Even though the increasing share of non-agricultural sectors in the GDP is a universal trend, in Nepal, like in other South Asian countries, this has not been accompanied by a proportionate shift in the labour force from agriculture to the other two sectors. According to the estimates of the Food and Agriculture Organisation (FAO) of the UN, the percentage of agricultural labour force in total labour force in Nepal remains almost unchanged since 1979 – it was 94% during 1979-91, while for several years now it is stuck to 93%.
All these indicate a huge rural/urban divide – an immense sea of rural poverty encircling a few islands of urban affluence. Taking into consideration the inequitable distribution of land holdings (Table 3) and semi-feudal forms of exploitation in an increasingly monetised rural setting, one can only imagine the state of the poor peasantry, semi-proletarians and the landless.
Source: Devendra Chhetry, “Understanding Rural Poverty in Nepal”, in Christopher Edmonds and Sara Medina (ed.), Defining an Agenda for Poverty Reduction (Vol. 1), Asian Development Bank (Manila, 2002). The figures are drawn from National Sample Census of Agriculture Nepal, 1991/92, Analysis of Results, Central Bureau of Statistics (Kathmandu, 1994). Ha= hectares
Even the World Bank admits (Economic Update 2002) that poverty could not be reduced in Nepal since “growth has been concentrated primarily in the urban areas and particularly in Kathmandu valley, largely excluding 86 percent of the population who live in rural areas, where per capita agricultural production has grown minimally and the overall level of economic activity has been sluggish”.

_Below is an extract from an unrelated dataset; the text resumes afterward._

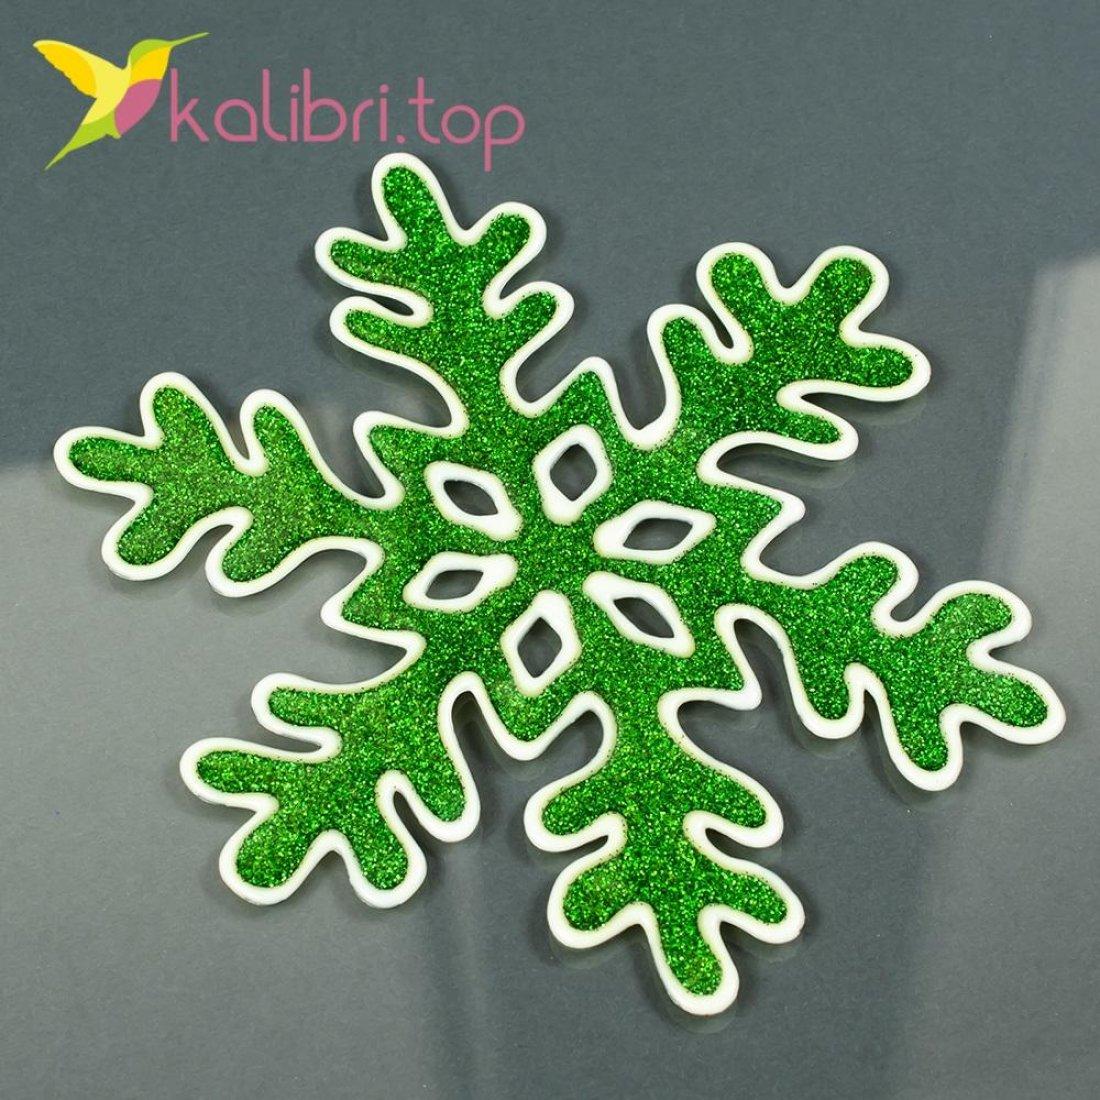 Новогодние силиконовые наклейки на окна Снежинки оптом фото 125

The disproportion between the share of the non-agricultural sectors in the GDP and the amount of employment generated in these sectors indicates that whatever growth we find in these sectors are either in capital-intensive industries controlled by foreign capital collaborating with a handful of Nepali mercantilist corporates, or in the informal economy where the circulatory migrants from rural Nepal toil with no job security and very low wages.

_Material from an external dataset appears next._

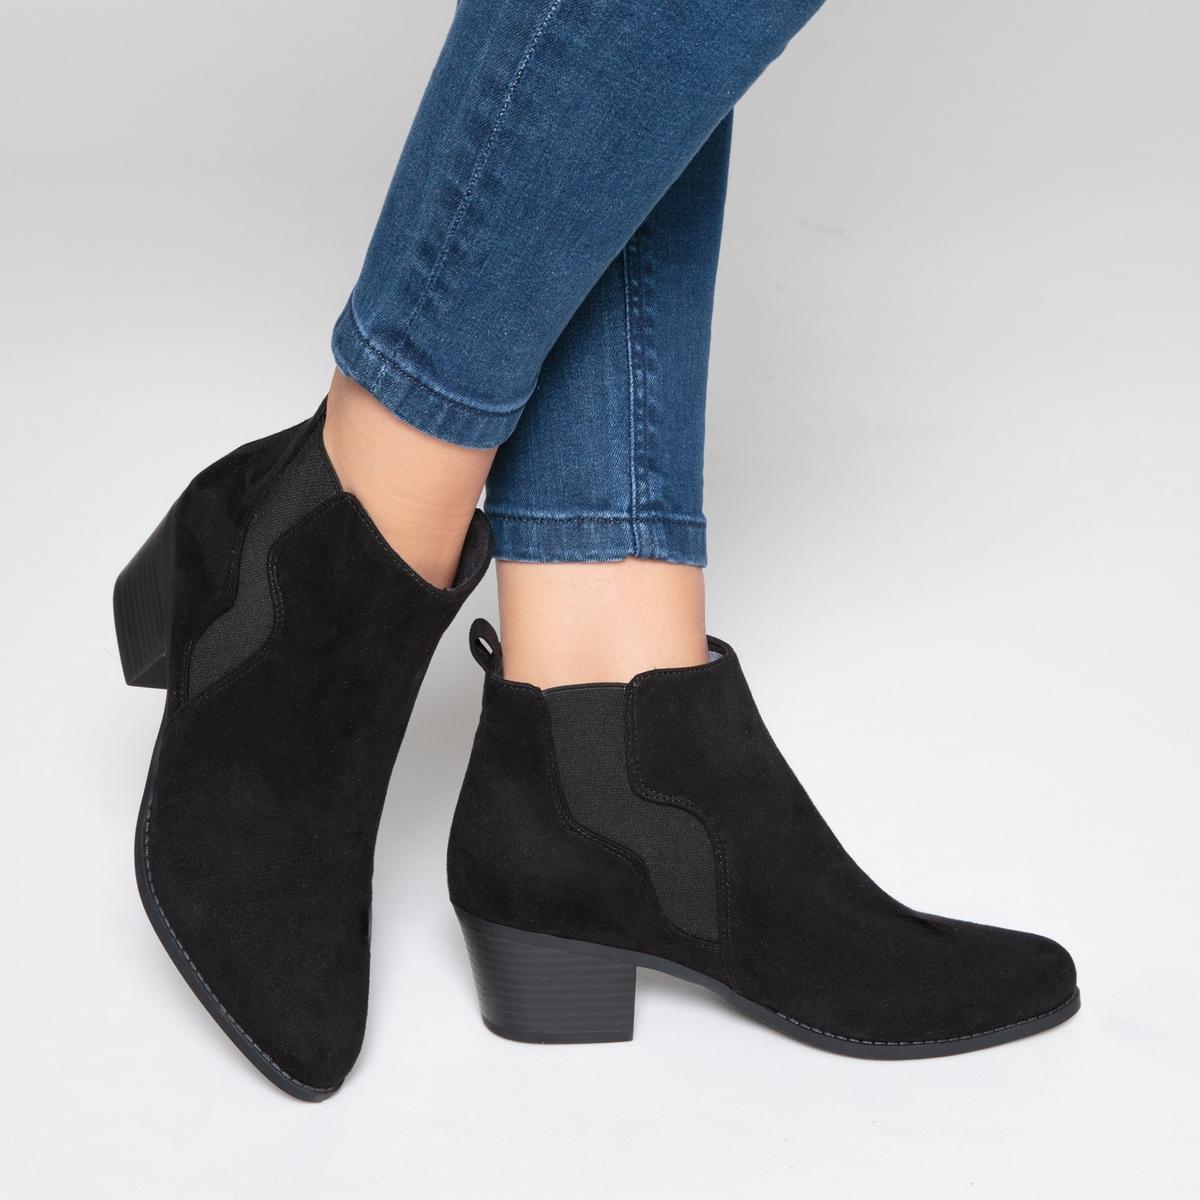 Ботинки-челси с оригинальной эластичной вставкой купить футбольную форму челси торрес

Moreover, impoverishment in rural (also in urban areas) has resulted in sluggishness in domestic demand for industrial goods, which has further eroded the possibility of an increased industrial growth in Nepal. This fact coupled with the backlash of liberalisation (export-oriented production) has made the industries in Nepal increasingly dependent on external markets – depleting internal resources to feed external demand. This further perpetuates the need for capital-intensity and an import of technologies to compete globally, thus making the dependency total, and the goal of employment-generating industrialisation a chimera.

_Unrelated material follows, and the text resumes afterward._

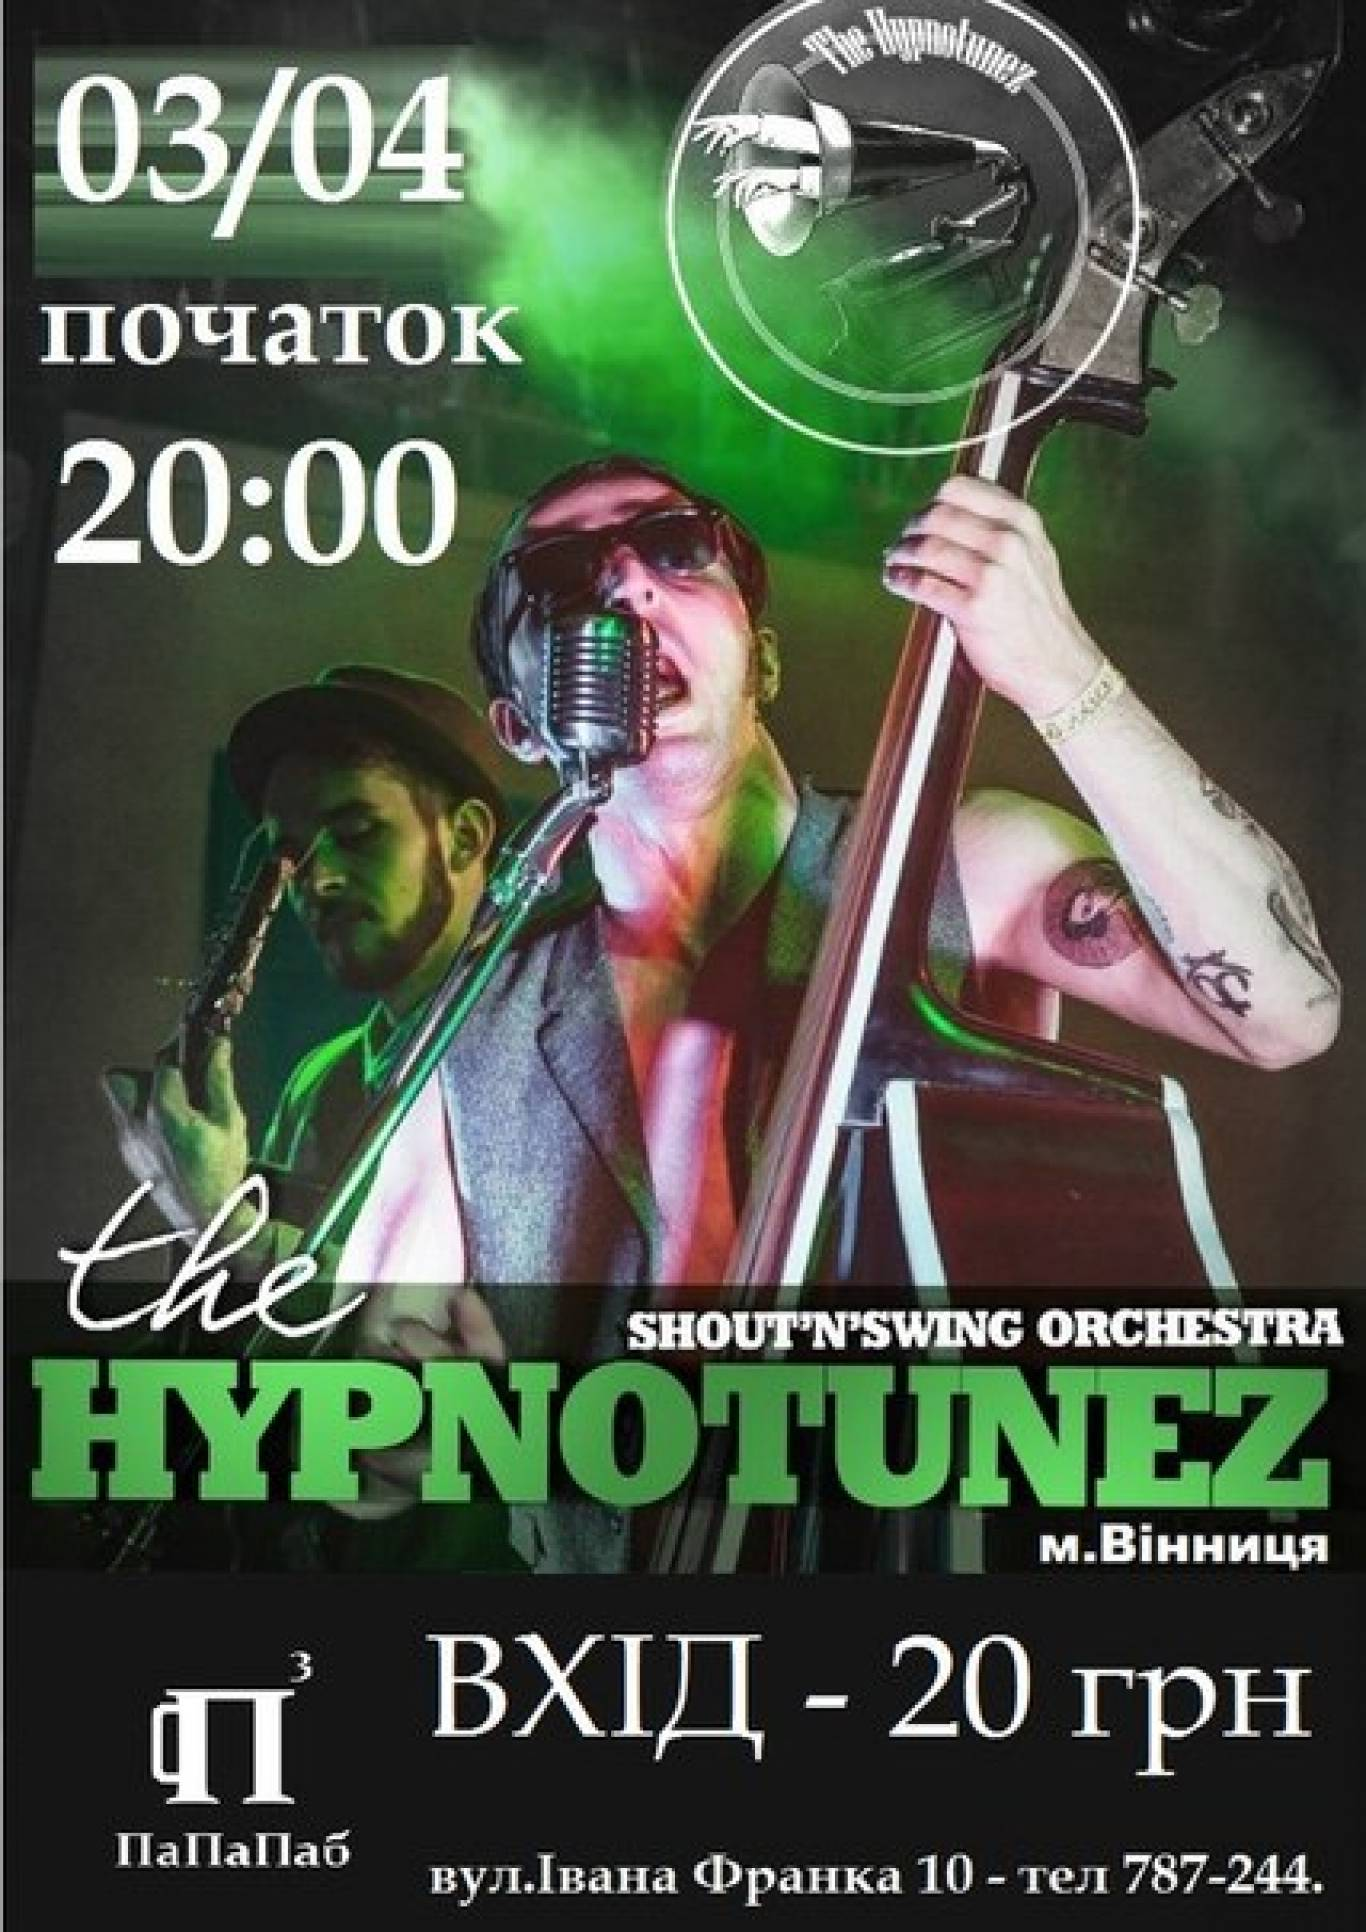 The Hypnotunez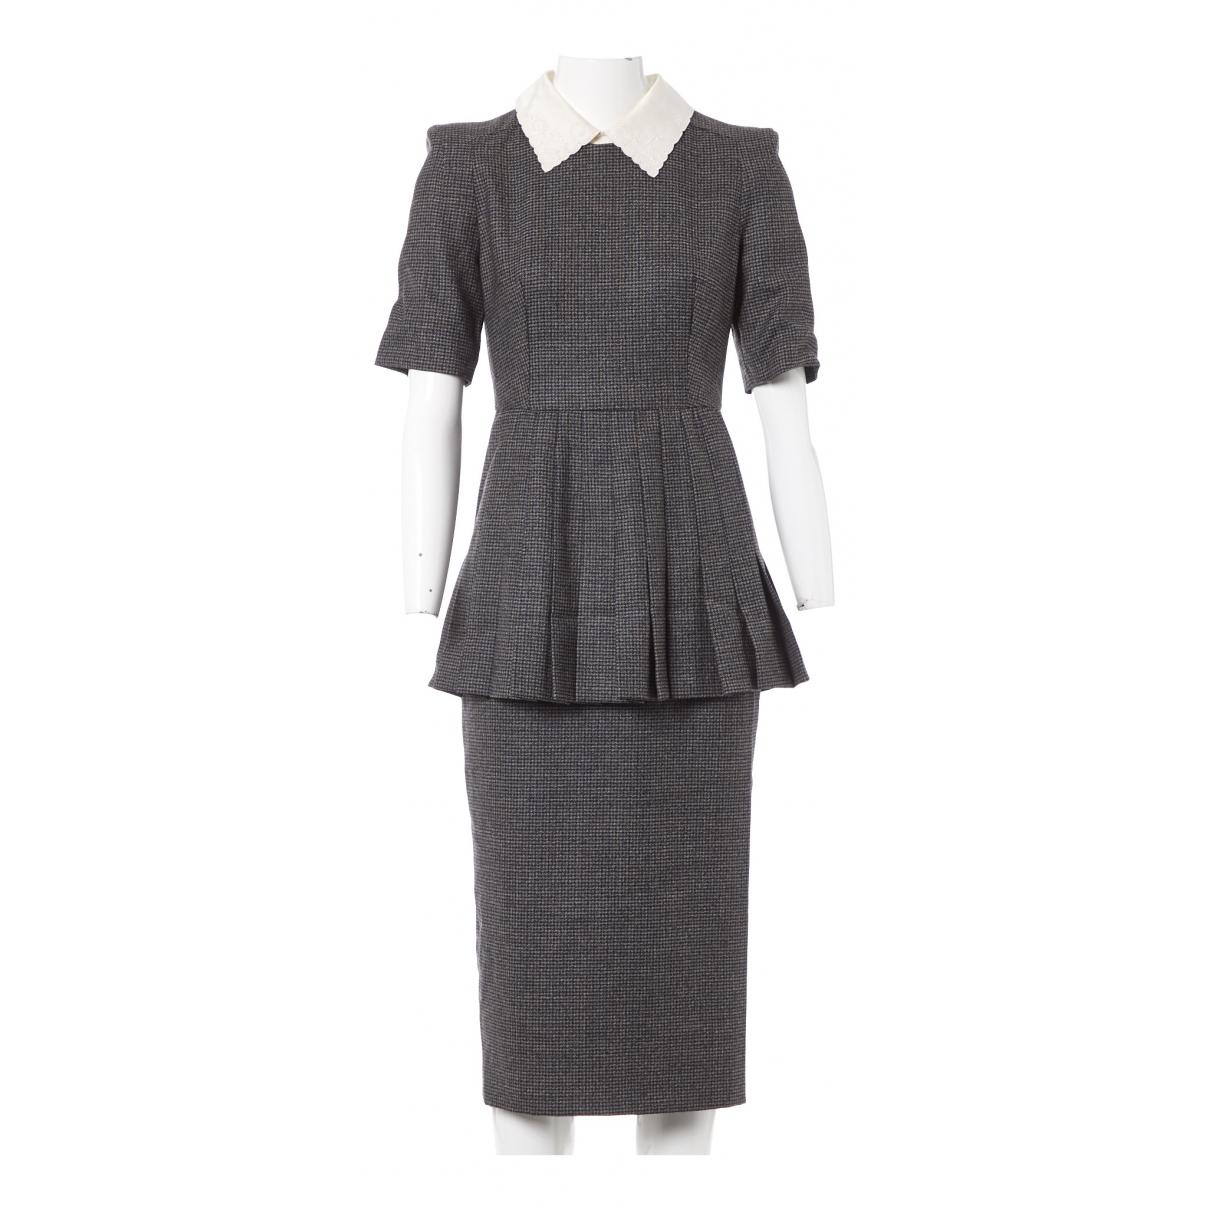 Fendi \N Kleid in  Grau Wolle

In this situation, it is expected from any post-April 2006 government, which draws its power from popular radicalism that has enwrapped Nepal today, that it will represent the aspirations of the masses and address their basic problems – rural poverty, inequitable land distribution, unbridled commercialisation, profit-motivated industrialisation, lack of economic activities induced by popular needs, etc. The figures in Tables 1-2 testify the reality of neoliberalism as practiced in the Nepali setting.
It was in 1984 when the Nepali State accepted the IMF/WB liberalisation package, and never deterred from the neoliberal course despite the so-called 1990 democratic achievements. The Maoist revolt was a challenge to this path, and it was obviously expected that a post-April 2006 government would rethink the model of economic management that the Nepali State has been pursuing till now. But this was not to be, at least if we go by Mahat’s budgetary exercise.
In the introductory paragraphs of the speech, the Finance Minister talks about the need to “form a common vision of socio-economic development through dialogue among political and social forces active in the country” and asserts that “the dialogue between Government of Nepal and Nepal Communist Party (Maoist)” is most certainly a formidable step in this regard. In his zeal to make this point, he goes to the extent of visualising the fantastic possibility “to end all forms of conflict prevalent in the country”. However, the revolutionaries would never claim to negotiate for such a utopia, not with the democrats who are still uncomfortable with the possibility of sweeping away the most blatant point of contention: the burden of royalty.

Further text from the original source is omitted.